Tanjung: another big city in Borneo. I was dropped off at a large roundabout by three spritely chicken farmers who’d transported me there in their foul-smelling fowl-moving van. It was dusk. I knew Batulicin, the port city where I’d need to catch surface transport over to Sulawesi island, lay due east and I began walking in that direction.
It can be dangerous hitchhiking at night and I’m well aware of this. But I figured I’ve been treated so well in Kalimantan that surely I’d be safe doing so. After all the goodwill shown to me, nothing bad could possibly happen, I believed. And so I walked with purpose two or so kilometres away from the roundabout to begin thumbing it east.

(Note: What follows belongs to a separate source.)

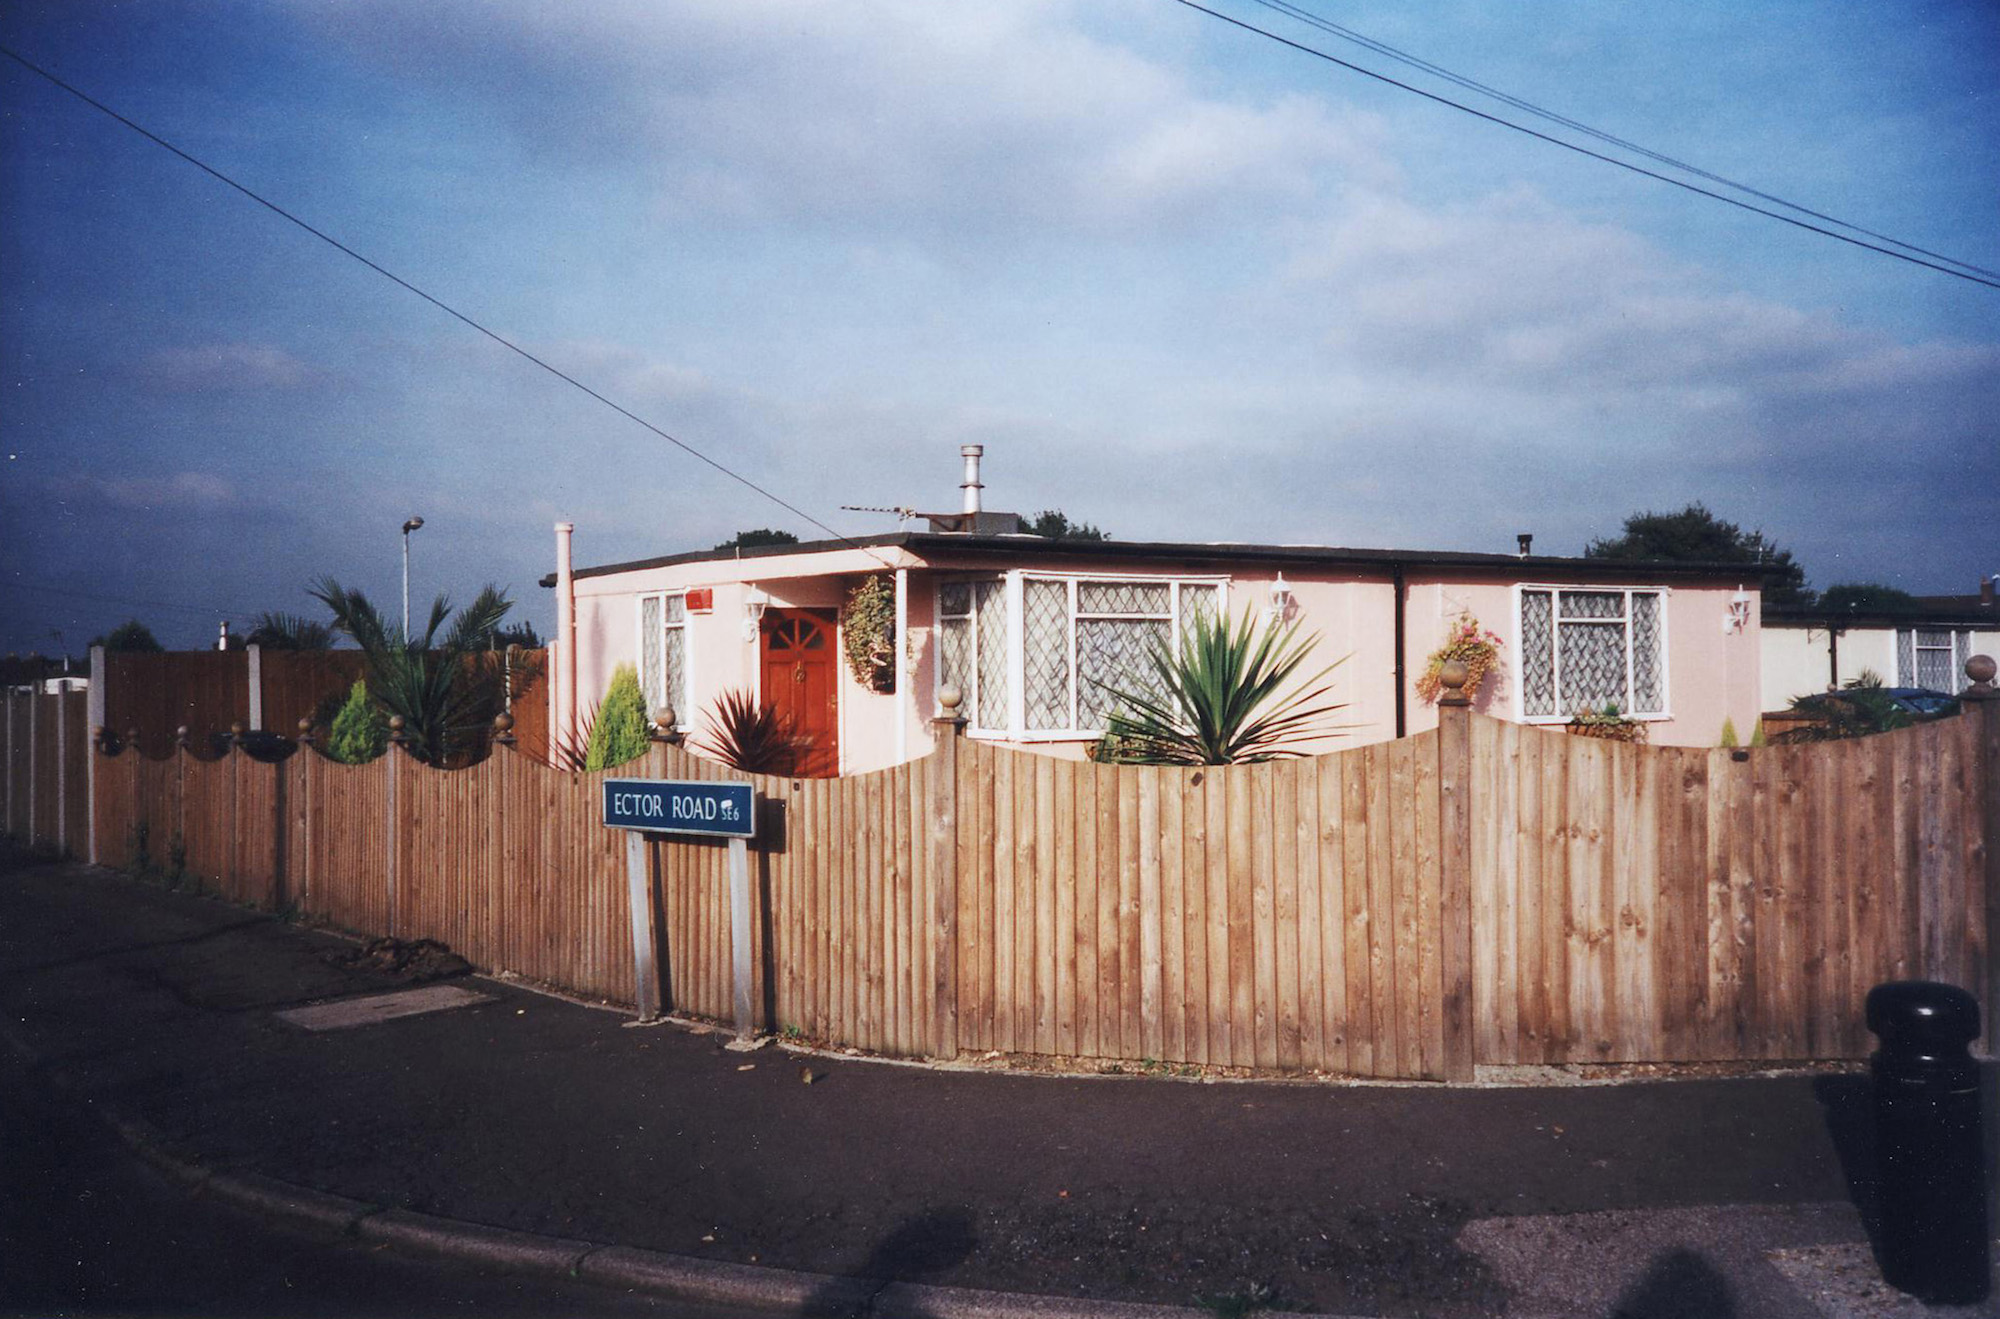 The Catford prefabs estate in South London, 2004. Thousands of post-war prefabs are still being lived in and cherished by their tenants or owners all over the UK. I love prefabs. Some people will think living in a prefab is like living in a box. Yes, it might sound or even look a bit like that but what a lovely, sophisticated box! I am talking about post-war prefabs, erected in a hurry just after the war when Britain was suffering an unprecedented housing shortage. More than 150 000 of these prefabricated houses were erected all over the UK mainly ins small estates. They were luxury to most of the residents who mainly were service men coming back from the war and reuniting with their family. Their prefab became their little castle with all mod cons and even more than any working class could hope for at the time: hot water, toilets inside, a fitted kitchen with a gas fridge and a garden all around the house. Part of the temporary housing programme, they were not supposed to last over a decade. Yet, over 70 years later, a few Thousands are still standing and very much loved. Why do people love their prefab so much, why are they so attached to their "cardboard or tin boxes"? Is it the layout of the prefab, the design of the interior, the garden around? Is the sense of community they created? Or a combination of everything?That's what I have been trying to find out for the last 11 years, since I started taking pictures of prefabs in South London. I have travelled all over the UK, from Redditch to Newport, Chesterfield, Catford and even on the Isle of Lewis to try to draw some answers. I have met wonderful people and come back with their portraits and their moving stories. Here they are for you to discover through this project.

I passed some things worth noting, including a man drawing a cluster of cages behind his motorbike, each housing indigenous birds for sale – but he was careful enough also to be carrying fowls for the less adventurous buyer. Having stopped to guzzle down a bottle of electrolyte replacement, I turned in the then-near dark. A stream of traffic, all with lights on, kept approaching, passing and disappearing over the knoll up ahead. But it wasn’t the cars, trucks, buses, motorbikes and 4x4s which struck me with awe. It was the sunset. One of the richest-coloured sun downs I can recall seeing painted the sky to the west.
Brilliantly bright colours enveloped the cityscape and I stood, just admiring it for a while.
With my thumb out in the dark, I waited but nobody stopped. That’s understandable – I’d agree drivers need to be cautious when picking up roadside strangers and their baggage at night. A motorcycle carrying two people stopped to ask if I was alright. We got chatting and the warm-hearted, open couple decided to try to help me get a bus. But the language barrier ensured they couldn’t succeed. Instead, they scooted off and returned with a bag of food for me. How super of them!
Just then, a second couple approached in the yellow hues so typical of urban infrastructure lighting and offered to help me stop a vehicle. I was offered a place to sleep on a floor if I wasn’t able to get a lift. A meal was on offer next, but my mind had been distracted. A friend asked where I was and how I was getting on. When I mentioned that I was hitchhiking from a gravel lay-by opposite the Aston Tanjung Hotel, the course of my night changed straight away.
My friend knew the local Aston’s chef. The hotel wasn’t busy and I was given a room – free, once again. All these hotel stays were completely outside my budget travel plans, and amazed me time and again. I entered the attentively-staffed air-conditioned lobby, a world apart from the sticky humid night, the never-ending traffic, and mosquito-populated air across the street. What a pleasant relief it was to step through those glass doors.
The best thing about the Aston Tanjung Hotel, for me, was that it had an easily accessible fitness centre. I spent a fair bit of time in there, especially after the healthy breakfast of fresh fruits and vegetables I’d been able to pick from their smorgasbord. Getting myself to Tanjung city by mistake had meant another hotel and more happiness for me, and that’s great!